На следующий день я была спокойнее и, следовательно, умнее. Дождалась, когда в коридоре никого не было, кроме нас с ментом, и сунула пятьсот рублей ему в карман. Выразительно посмотрела на него.
– Ну ладно, – сжалился мент. – Только при мне. Я тоже зайду. И быстро! Как бы следаки не приехали.
Государь лежит в кровати под капельницей. Заулыбался, увидев меня.
– Жюстина! Заходи!
Подхожу к нему, опускаюсь на колени, целую руку. Он гладит меня по волосам, касается губами лба.
– Ты все правильно сделала, – тихо говорит он. – Все равно надо было вызывать «Скорую». Без ментов бы не обошлось. Ты не виновна.
– Они хотят обвинить тебя в убийстве, – шепчу я.
– Я понял.
– Может быть, бежать? – Очень тихо, одними губами. Но он слышит.
– Ты с ума сошла! По лесам скрываться? Мне, знаешь, дорога жизнь в социуме и вписанность в систему.
– А что же делать?
– Ничего, поборемся. – Он улыбнулся. – Но легальными методами.
Тут дверь распахнулась. В палату вошли двое мужиков в штатском. Одного я узнала: тот самый оперативник, который меня допрашивал.

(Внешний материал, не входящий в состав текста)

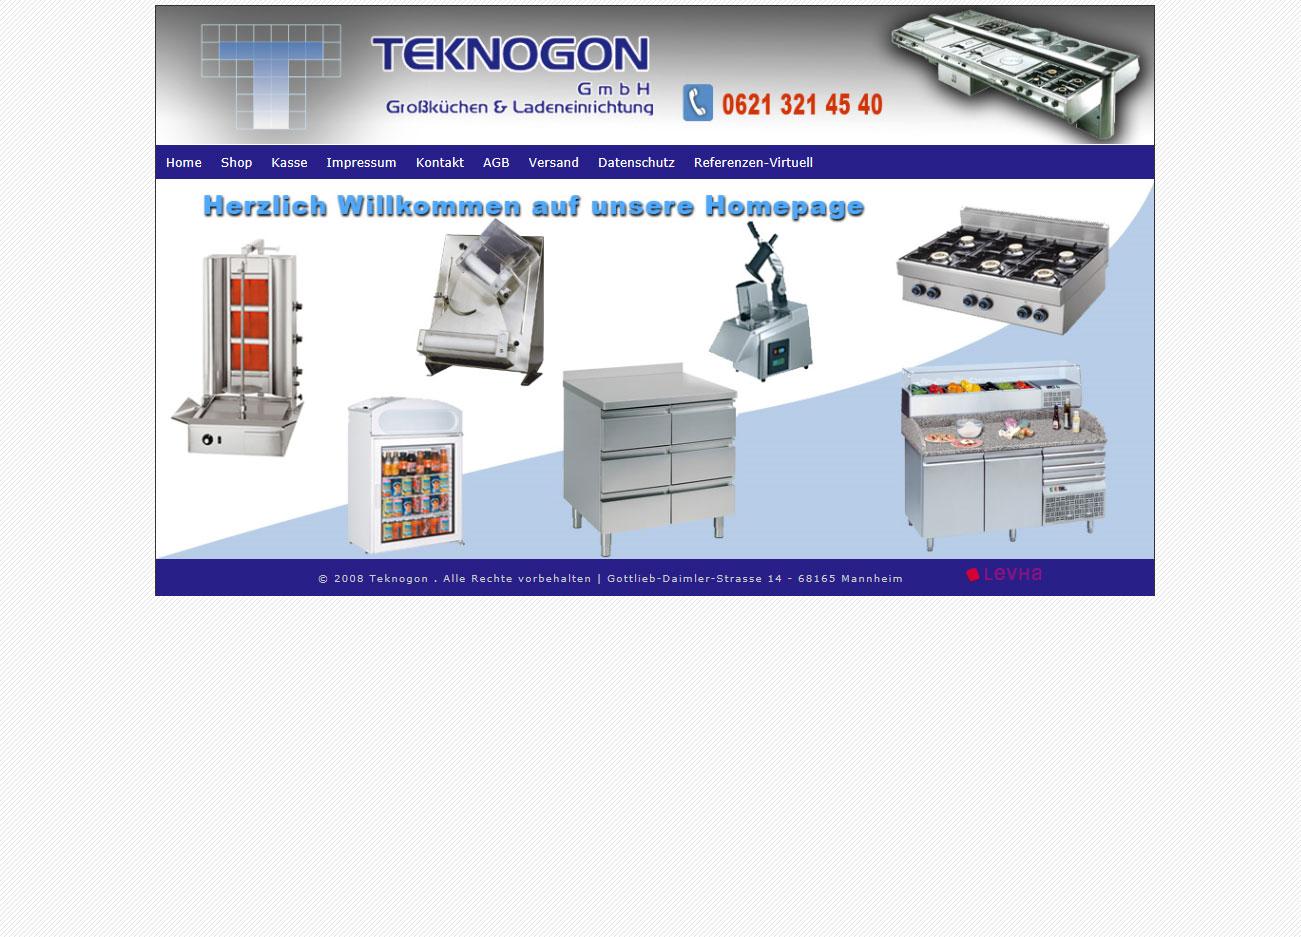 Teknogon GmbH

– Что здесь происходит? – спросил он.
Я покачала головой.
– Ничего.
Он перевел взгляд на незадачливого мента, пустившего меня в палату, потом опять на меня.

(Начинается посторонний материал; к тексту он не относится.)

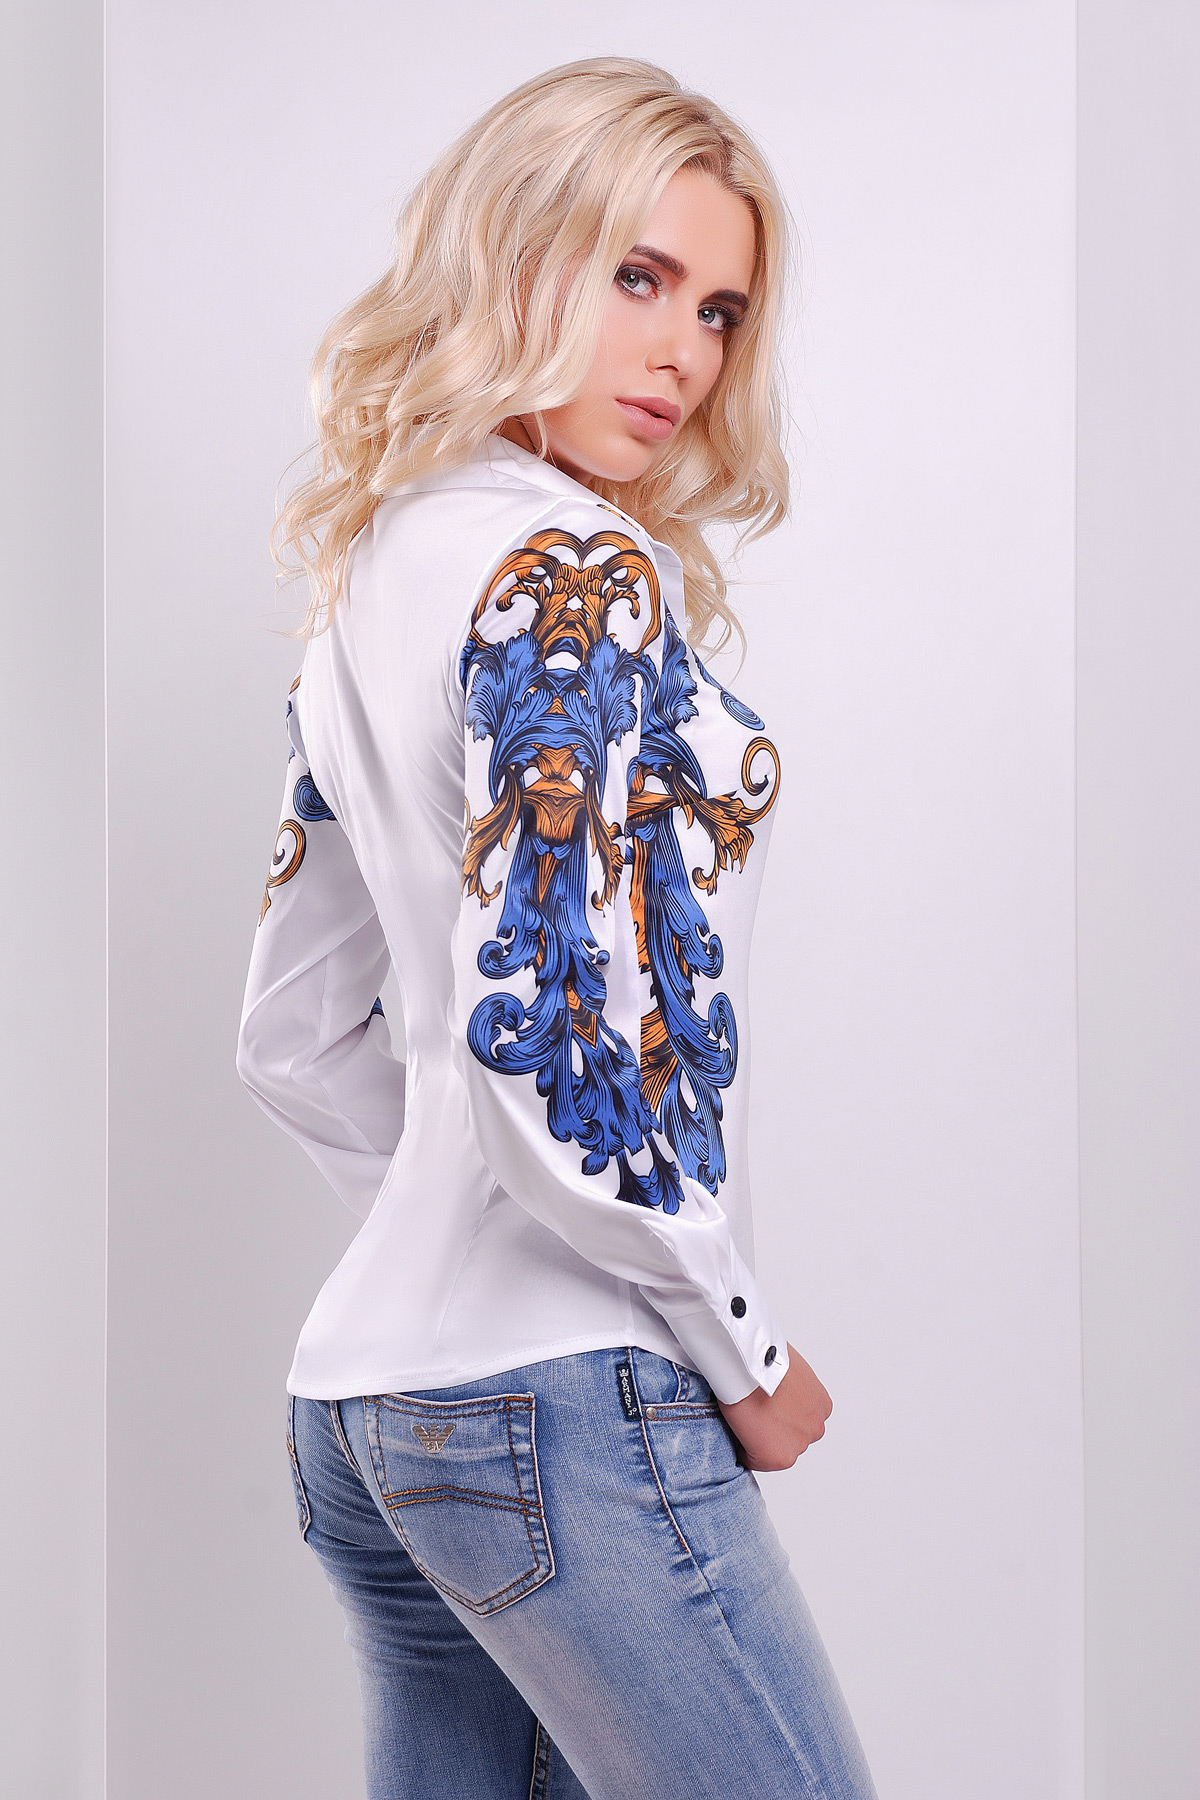 Узор сине-оранжевый блуза Ларси-3 д/р

– Девушка, покиньте помещение!
– Да, конечно.
Поднялась с колен и понуро отправилась к выходу. В дверях обернулась.
– Все будет хорошо! – сказал Маркиз.
Я наняла ему лучшего адвоката, которого смогла найти, и дело быстренько перевели со статьи «убийство, совершенное с особой жестокостью» на «убийство, совершенное при превышении необходимой обороны». И Господина выпустили под залог.
* * *
Вчера был суд, и Андрея приговорили к двум годам условно.
Вечером, вместе с Кабошем, мы обмывали это событие.
– Ну что ж! В этот период я постараюсь никого не убить, – сказал Маркиз. – Давайте выпьем за то, чтобы никто не подвернулся под горячую руку!
* * *
Больше года я не открывала этот файл, возможно, потому, что была слишком счастлива, чтобы записывать события своей жизни. А ведь произошло так много! Новогодний бал, встреча с Небесным Доктором, клеймение. Когда-нибудь, возможно, я подробно опишу все, что случилось и в этой, и в иных реальностях. Наши «полеты» того заслуживают.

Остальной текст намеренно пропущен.